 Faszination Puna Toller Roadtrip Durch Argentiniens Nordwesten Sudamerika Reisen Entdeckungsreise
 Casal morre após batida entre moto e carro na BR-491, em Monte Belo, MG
----------
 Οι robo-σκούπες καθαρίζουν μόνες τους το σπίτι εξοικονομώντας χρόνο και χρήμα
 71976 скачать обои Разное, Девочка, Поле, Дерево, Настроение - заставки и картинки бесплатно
----------
» What is needed: Using the data above, print exactly the lines from the line that contains "Faszination Puna Toller" through the line that contains "Casal morre após", with both included.

» The answer:
 Faszination Puna Toller Roadtrip Durch Argentiniens Nordwesten Sudamerika Reisen Entdeckungsreise
 Casal morre após batida entre moto e carro na BR-491, em Monte Belo, MG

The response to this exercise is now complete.